L’abbé accueillit son conseiller avec un vif mouvement de satisfaction, qui convainquit le sous-prieur de l’agitation d’esprit du père Boniface et du besoin urgent qu’il avait de recevoir des avis utiles. Il n’y avait ni coupe ni flacon sur la petite table placée à côté du grand fauteuil de parade ; on ne voyait sur cette table que sa mitre enrichie de pierres précieuses, et son chapelet qui semblait avoir été mis là comme le seul remède auquel il pût recourir dans cette extrémité terrible ; la crosse, richement ornée, était appuyée contre la table.
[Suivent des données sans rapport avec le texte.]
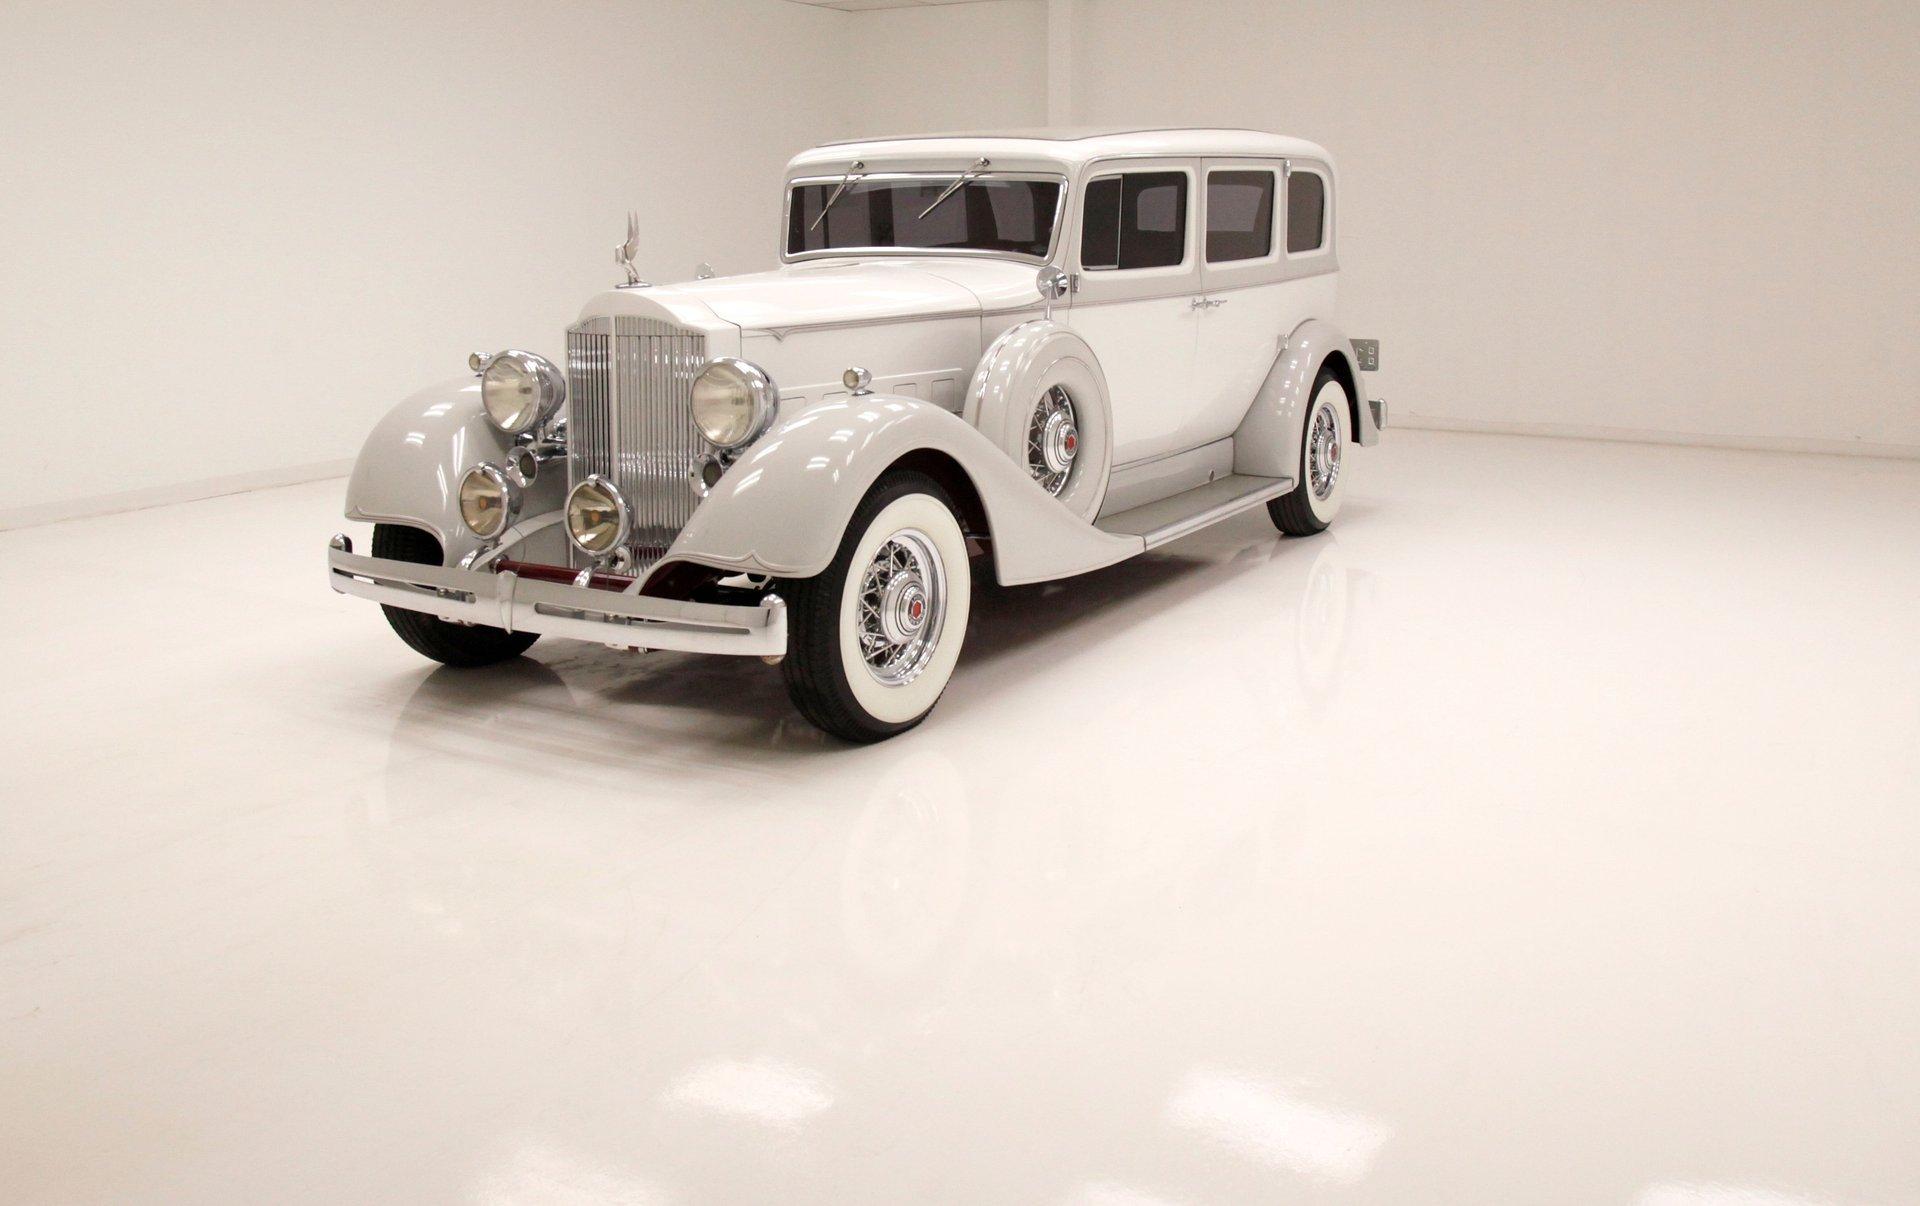 1934 Packard Model 1107

Le sacristain et le vieux père Nicolas avaient suivi le sous-prieur dans l’appartement de l’abbé, probablement dans l’espoir d’apprendre quelque chose sur l’affaire importante dont il s’agissait. Ils ne se trompèrent pas, car, après avoir introduit le sous-prieur, au moment où ils se disposaient à se retirer, l’abbé leur fit signe de rester.

« Mes frères, leur dit-il, vous savez tous avec quel zèle laborieux nous avons soutenu le poids des affaires de cette maison confiée à nos mains indignes, le pain et l’eau vous ont été donnés chaque jour avec exactitude ; je n’ai pas dissipé les revenus du couvent en vains plaisirs, tels que ceux de la chasse, ou en folles dépenses pour des changements d’aubes ou de chapes, ou en fêtes données à des bardes ou à des bouffons oisifs, sauf ceux qui, conformément à l’ancienne coutume, sont reçus aux fêtes de Noël et de Pâques. Enfin je n’ai enrichi ni parents ni femmes étrangères, aux dépens de la communauté.
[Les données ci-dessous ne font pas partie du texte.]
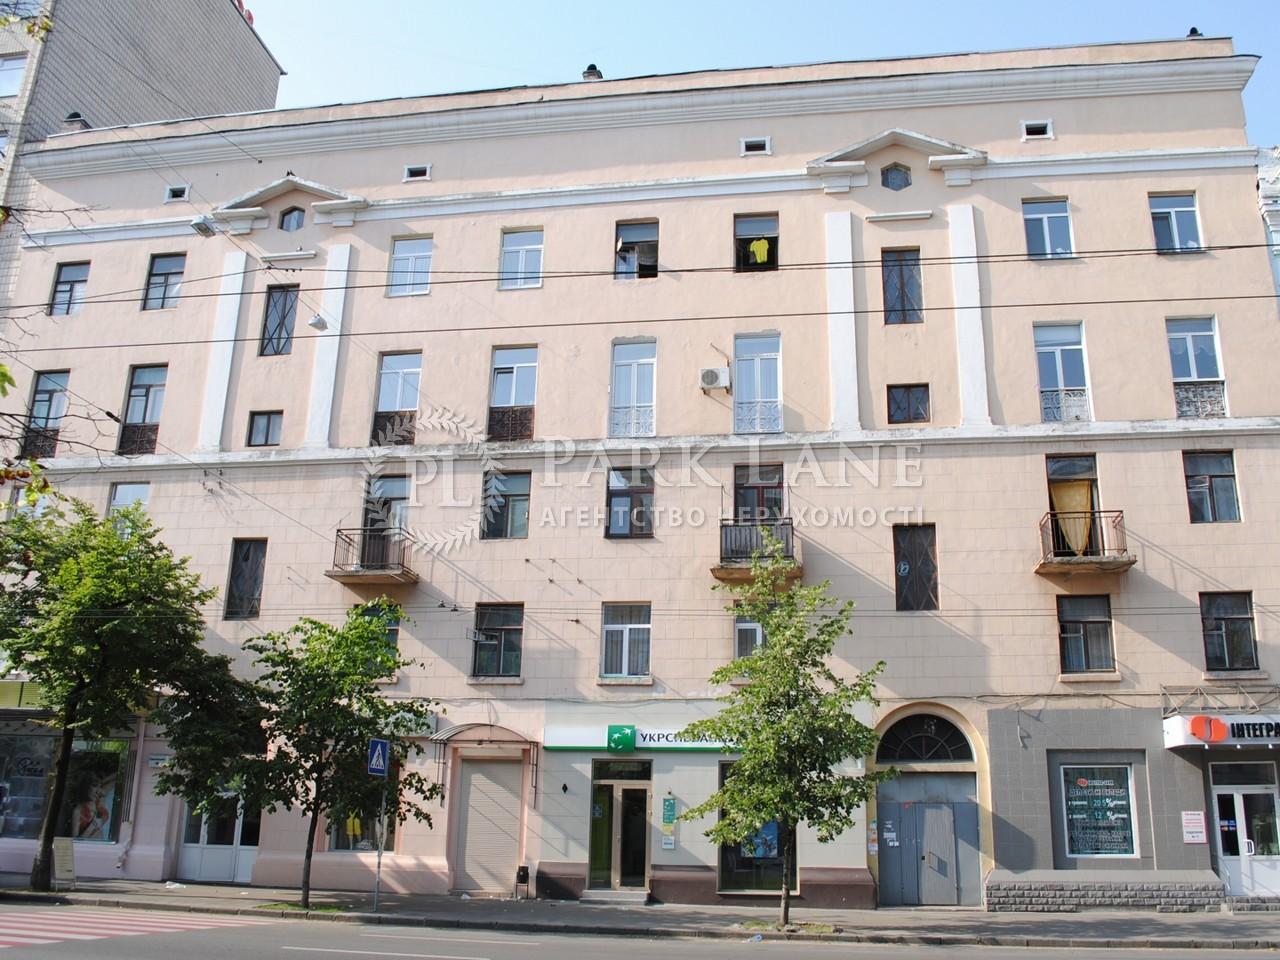 Нежитлове приміщення, вул. Саксаганського, Київ, Z-874713 - Фото 3

— Il n’y a pas eu à ma connaissance, dit le père Nicolas, un semblable abbé depuis le temps de l’abbé Ingelram, qui… »

À ce nom, qui était toujours le prélude funeste d’une longue histoire, l’abbé se hâta de l’interrompre.
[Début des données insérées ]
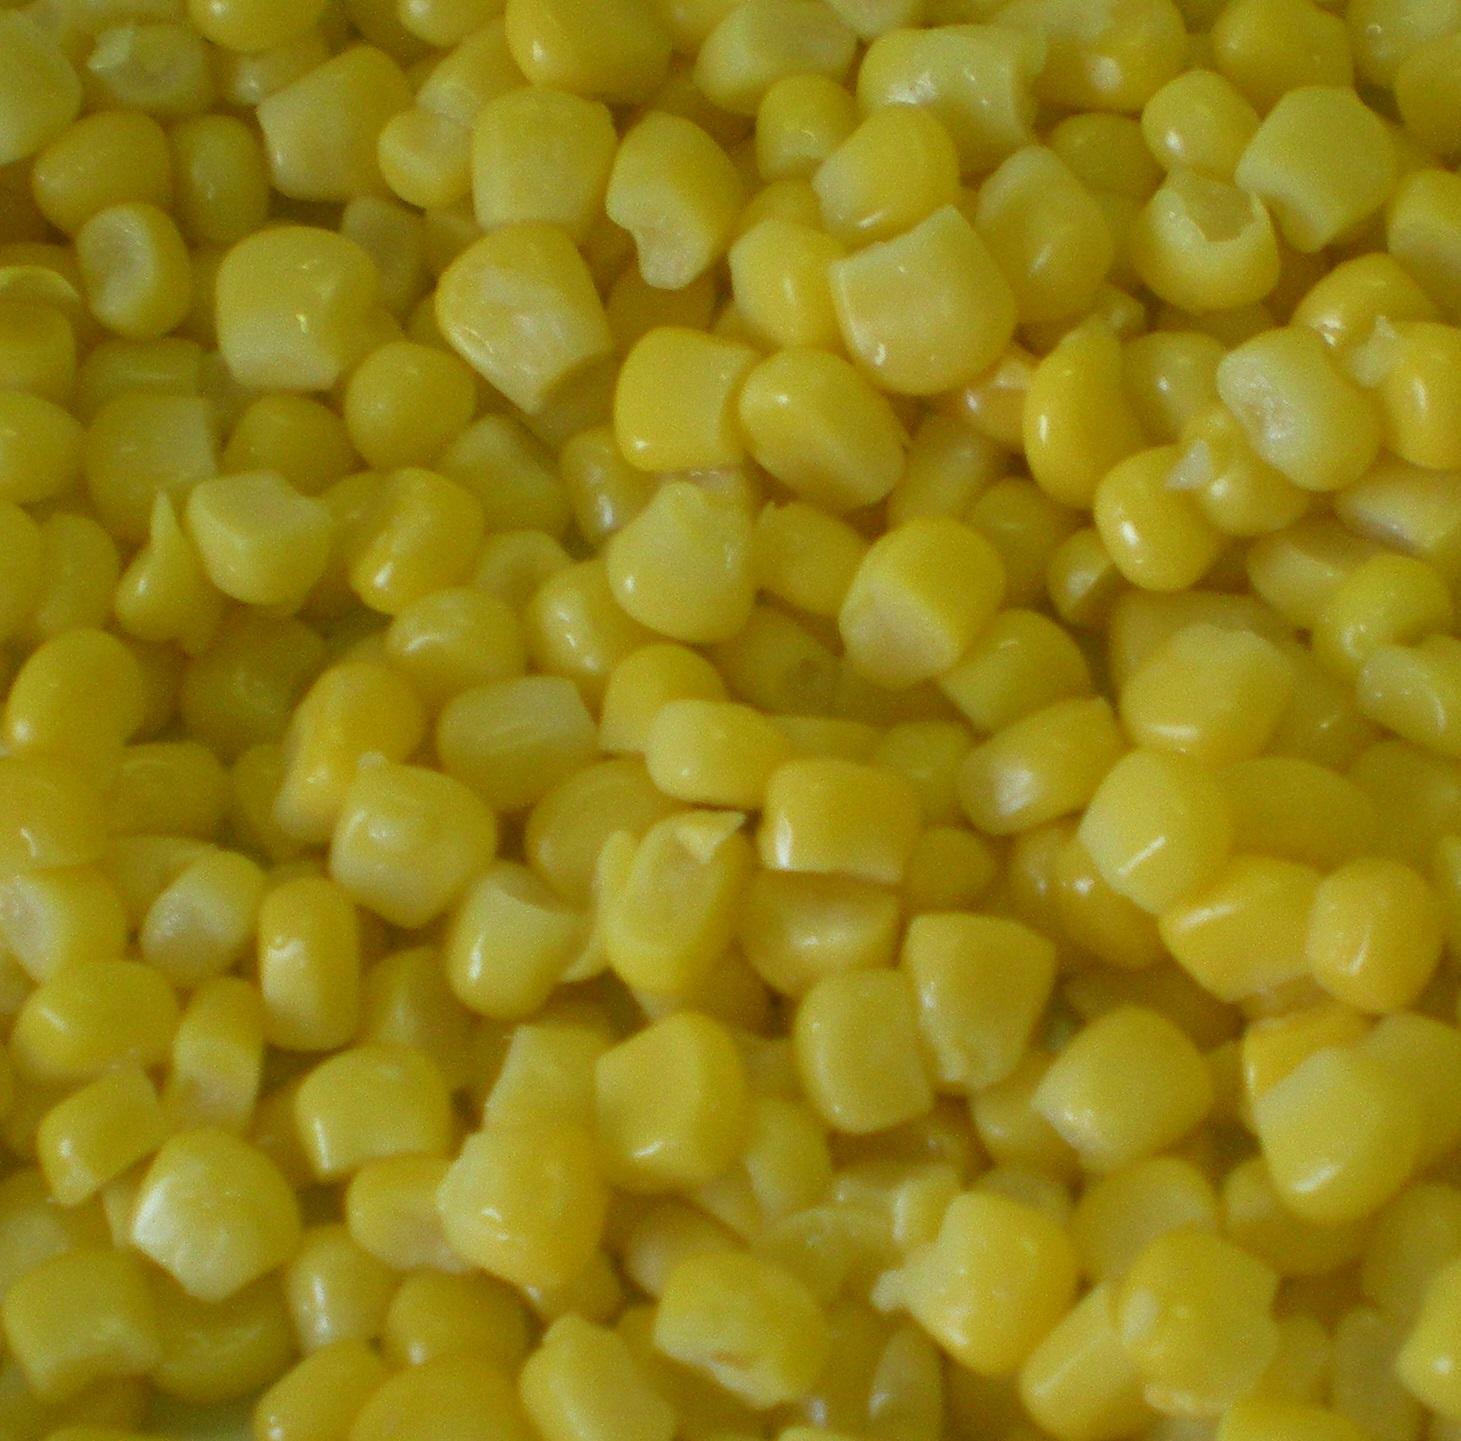 frozen corn kernels

« Que Dieu ait pitié de son âme ! dit-il ; mais ce n’est pas de lui qu’il est question en ce moment. Ce que je demande de vous, mes frères, c’est de savoir si j’ai fidèlement rempli les devoirs de ma place.

— Il n’y a jamais eu le moindre sujet de plainte, » répondit le sous-prieur.

Le sacristain, beaucoup plus prolixe, fit une longue énumération des diverses preuves d’indulgence et de bonté que la fraternité de Sainte-Marie avait reçues sous le gouvernement doux et bénin de l’abbé Boniface, des indulgentiœ, des gratias, des bibere, des soupes au lait d’amandes distribuées chaque semaine, de l’abondance du réfectoire, de l’amélioration apportée aux celliers, de l’accroissement des revenus du monastère, et de l’adoucissement apporté aux privations pénitentiaires des moines.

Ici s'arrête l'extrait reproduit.